DIGITAL LIBRARY
FACILITATING EVALUATION SUPPORT FOR SERIOUS GAMES
Graz University of Technology (AUSTRIA)
About this paper:
Appears in: INTED2017 Proceedings
Publication year: 2017
Pages: 5887-5896
ISBN: 978-84-617-8491-2
ISSN: 2340-1079
doi: 10.21125/inted.2017.1375
Conference name: 11th International Technology, Education and Development Conference
Dates: 6-8 March, 2017
Location: Valencia, Spain
Abstract:
Digital learning games represent an e-learning technology that is increasingly recognized by educational practitioners. With their highly engaging and motivating character games constitute effective educational tools for creating authentic learning tasks and meaningful, situated. Psychological research has targeted many aspects of leisure and educational games, such as engagement, challenge, motivation, and achievement. Typically a wide range of psychological constructs are used and related with game design elements. For example, knowledge, goals, encouragements are connected with game design elements. Another example is the flow concept that describes a situation when people are highly engaged and lose track of time, which often happens, when competence development and game challenges are balanced (e.g. the game should not demand too much or too little from the player).

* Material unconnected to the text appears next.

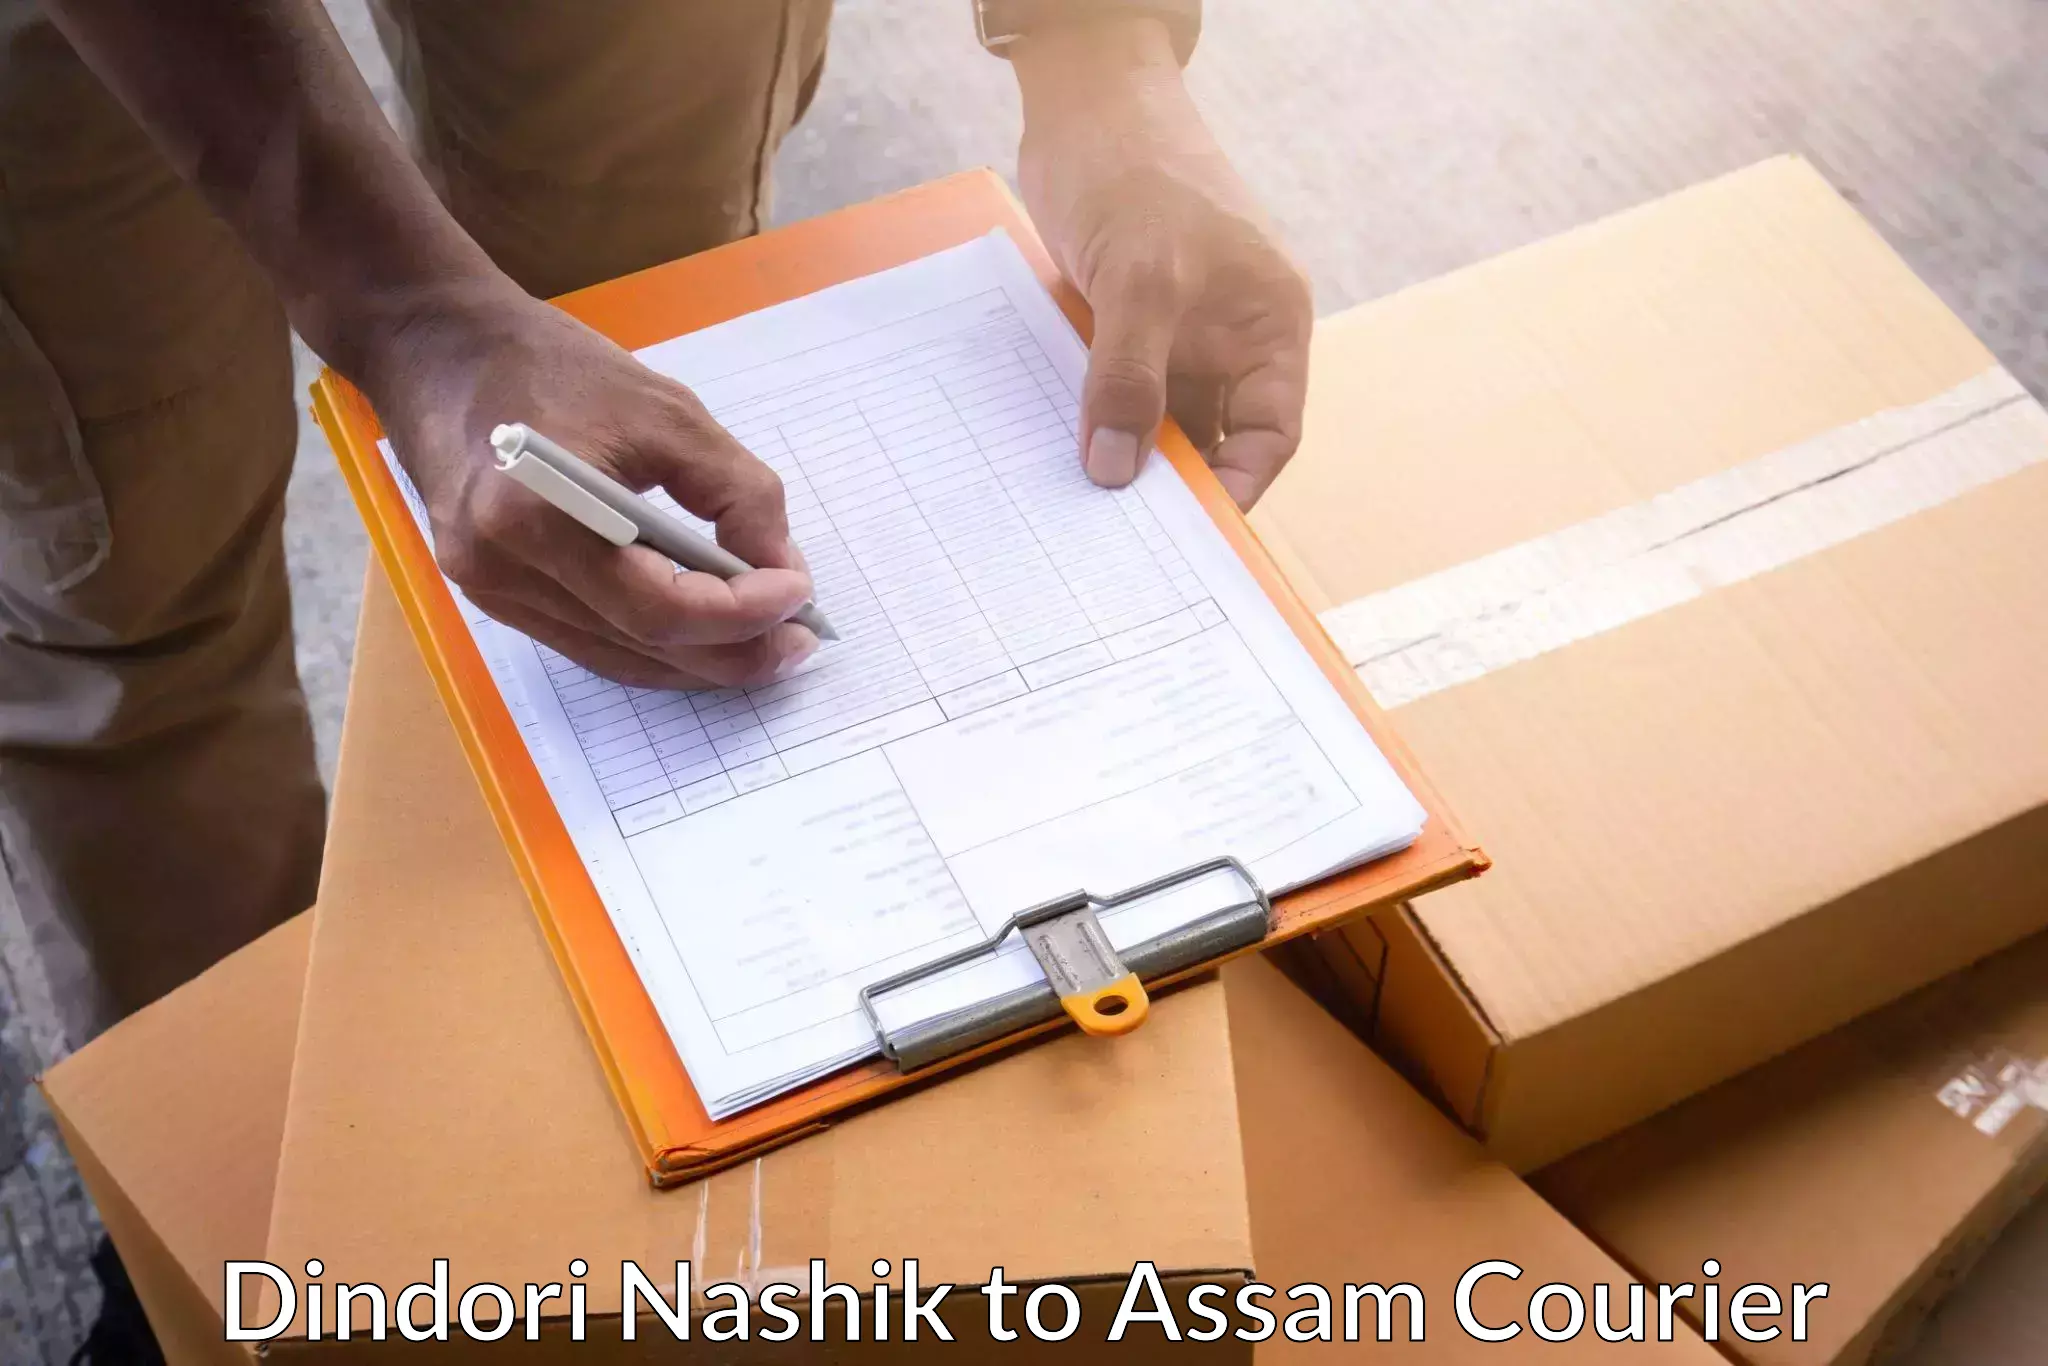 Advanced shipping network Dindori Nashik to Assam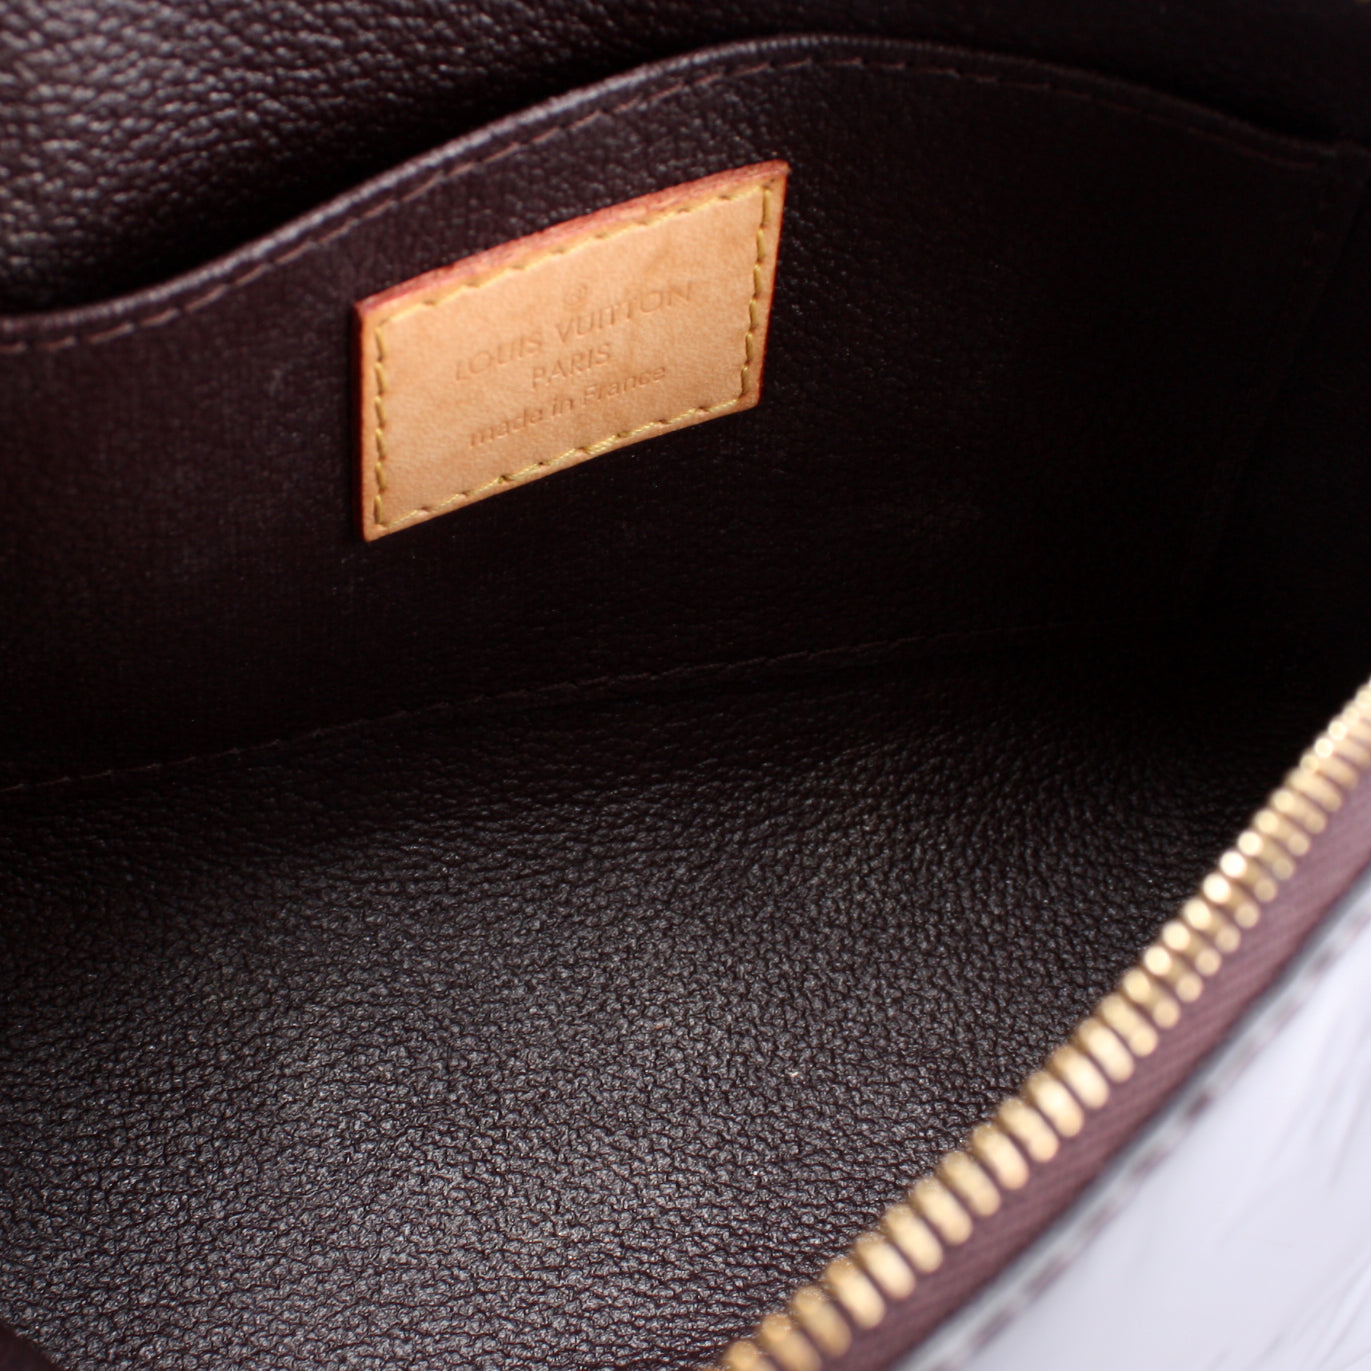 Wapity Case Monogram – Keeks Designer Handbags

In order to assess and guarantee that serious games have such qualities, evaluation studies conducted. Evaluation is an important task, because it reveals relevant information about the quality of the technology for all stakeholders and decision makers. It involves collecting and analysing information about the users activities and the software characteristics and outcomes. Its purpose is to make judgments about the benefits of a technology, to improve its effectiveness, and/or to inform programming decisions. The evaluation process can be broken down into three key phases:
(1) Planning,
(2) Collecting, and
(3) Analysing.

In each phase there are a number of steps that are in general considered and carried out in an evaluation.

However, performing an evaluation in such a systematic manner is a time-consuming and complex task. For this reason, a software component has been developed that supports the systematic evaluation of serious games. This component captures game-based user data continuously and directly from the game. A data scheme is provided that structures user interactions and allows the game to send user data organised in categories and attributes that the software component can use for further processing. For the analysis of this data, evaluation measures are defined that assess the qualities to be measured (e.g. flow, engagement, etc.). Such measures are defined based on the evaluation data and allow the automatic analysis. A preliminary set of evaluation measures can be complemented with customised measures that the evaluator can define and store. Furthermore, automated reports and visualisations can be retrieved for the specified evaluation variables. The data can be exported for further analysis

This asset has added value for various stakeholders – developers, who get an instrument to easily evaluate their software, training providers, who get information about the pedagogical value of games, and the players, who are enabled to provide quick feedback without distraction.

The full paper will describe details, how the software component works, how evaluation data is structured, how evaluation measures are defined, and how reports are created. Moreover, concrete examples are given, with which games and how this software component is used.
Keywords:
Serious game, evaluation, evaluation tool.